Re: DrDjangoMDs Ordination für kränkelnde Filme
Verfasst: Fr 5. Jul 2013, 11:24
BLUTSPUR IM PARK
Originaltitel: Una farfalla con le ali insanguinate
Alternativtitel: Das Messer
Land: Italien
Jahr: 1971
Genre: Giallo
Regie: Duccio Tessari
Boah, Stress mit den Uni-Abschlussarbeiten, draußen eine Affenhitze, jeder will was von einem, da muss man sich zwischendurch mal einen gemütlichen Abend machen, sich in seinen Fernsehsessel kuscheln, das letzte Stück Geburtstagstorte aus dem Tiefkühler nehmen, einen Wohlfühl-Kräutertee aufbrühen und einen Film einlegen, der einfach nur nett ist. So wie den, den ich mir gekauft habe. Ich habe die Inhaltsangabe noch nicht gelesen, aber der Originaltitel lautet „Una farfalla con le ali insanguinate“. Nun, ich kenne die meisten dieser Wörter nicht, aber ich weiß, was „farfalla“ bedeutet. „Schmetterling“! Und wer ist der hübsche Schmetterling? Natürlich Carole André, denn die spielt in dem Film mit. Super! Carole André ist spitze. Hoffentlich wird das ein netter romantischer Film mit vielen Großaufnahmen der hübschen Carole. Also, DVD eingelegt, Film ab!
Handlung:
Die junge Francoise (Carole André) wird ermordet… Moment, was? ...Stop, stop, stop! Kritik aus! Carole André stirbt gleich nach dem Vorspann??? Nein! Warum? Die Filmemacher müssen ENDLICH aufhören Carole André umzubringen! Warum stirbt Carole André nur so oft in Filmen? Was? Weil ihre Rolle stirbt? Na und, dann schreibt man halt das Drehbuch um! Sobald Carole André in einem Film mitspielt, ist das Script unverzüglich umzuschreiben. Und zwar mit folgenden Wortlaut: „Carole André sitzt anderthalb Stunden herum und blickt lächelnd in Richtung Kamera. Ende.“ Bitte! Das wäre ein toller Film. Fulci, Dallamano, denkt gefälligst mal darüber nach was ich hier sage. Ja? Gut, dann kann ich ja weiter machen…
Kritik:
Spaß bei Seite und ganz ehrlich, ich bin zu tiefst beeindruckt. Duccio Tessaris „Blutspur im Park“ gehört zu den allerbesten Gialli, die ich je gesehen habe. Ich spreche hier Top-5-Territorium, mindestens. Selbst die ewig griesgrämigen Dudes vom Lexikon des Internationalen Filmes nehmen für dieses Meisterwerk endlich eine Auszeit ihres unermüdlichen Kreuzzuges gegen alles was in Filmen Spaß macht und können nicht umhin ihn einen „Solide gemachten, spannenden Thriller in geschmackvoller Kulisse“ zu nennen. Und recht haben sie damit!

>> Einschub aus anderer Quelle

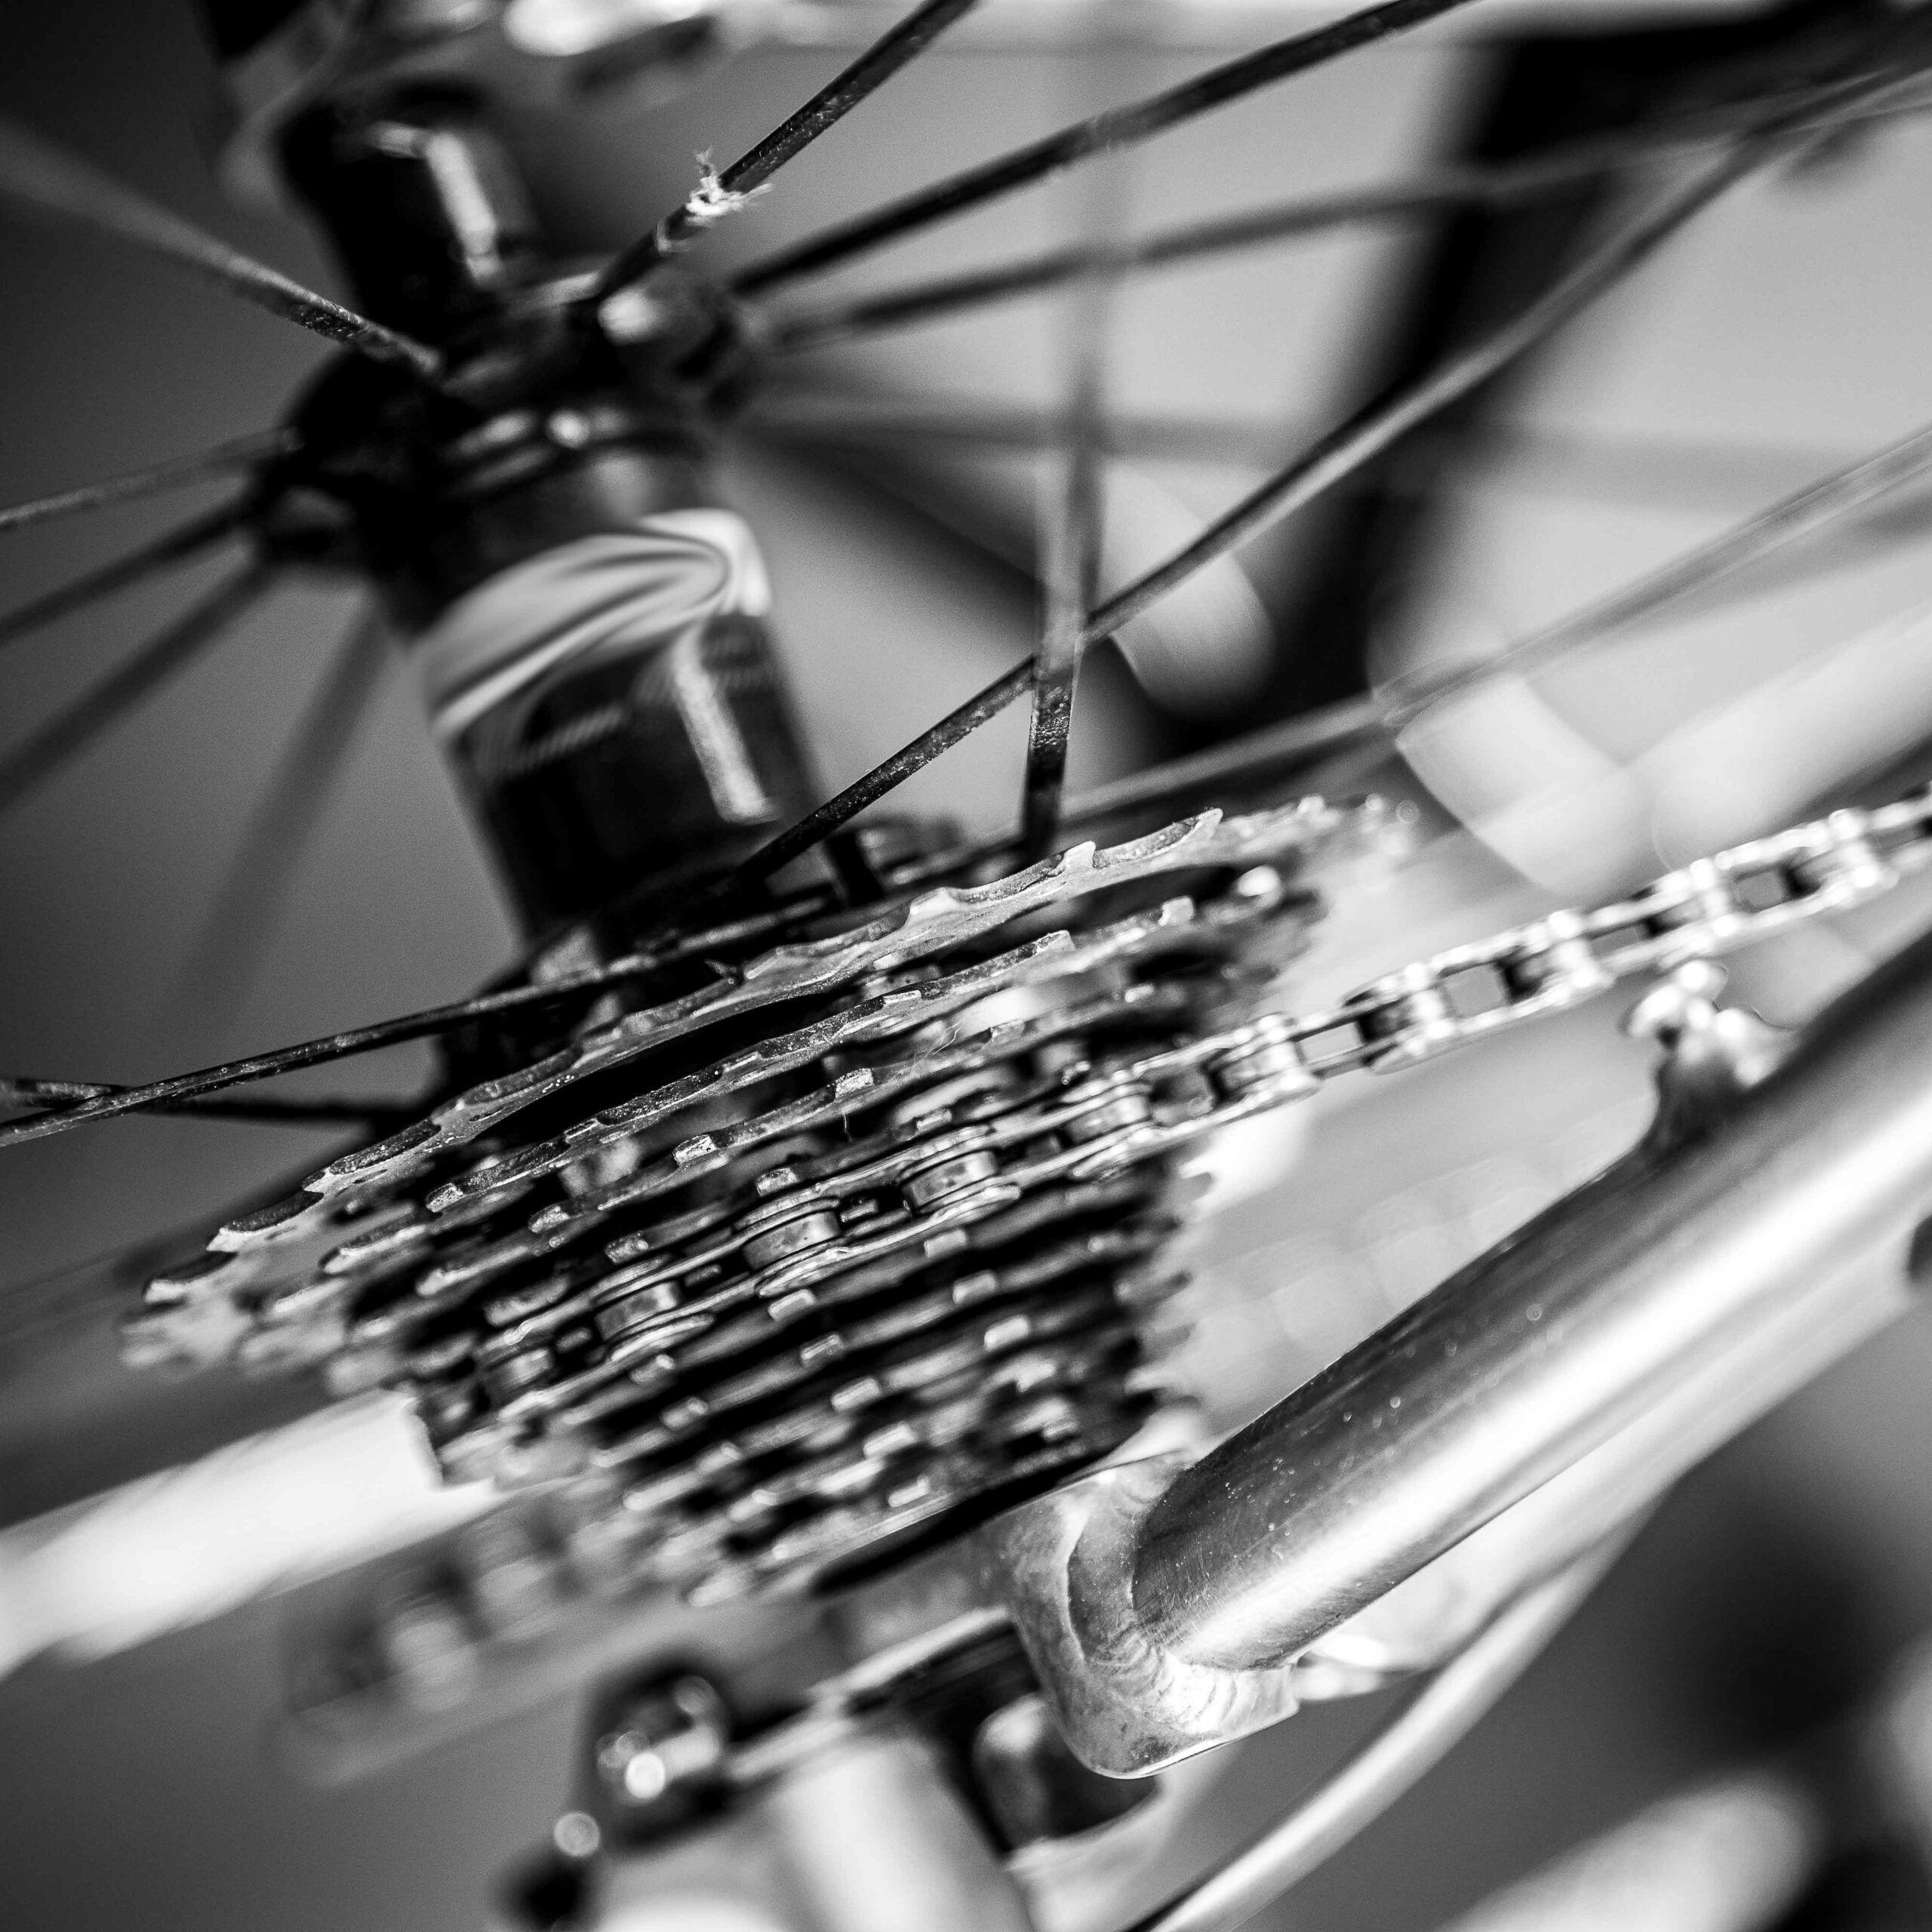 Medidor de cadenas de bicicleta, herramienta de indicador de desgaste,  aleación de aluminio, multifuncional, bicicleta de

Der ganze Film strotzt nur so vor einer leicht depressiven, aber gleichsam wunderschönen, bittersüßen Melancholie, hervorgerufen durch die traurige Klaviermusik, den wolkenverhangenen Himmel und natürlich auch den Part Carole Andrés der damit beginnt, dass sie grausam ermordet wird und später aus Rückblenden besteht, die dem armen Zuseher nochmal unter die Nase reiben wie süß, lebenslustig und freundlich die Frau, die von Beginn an tot ist, war.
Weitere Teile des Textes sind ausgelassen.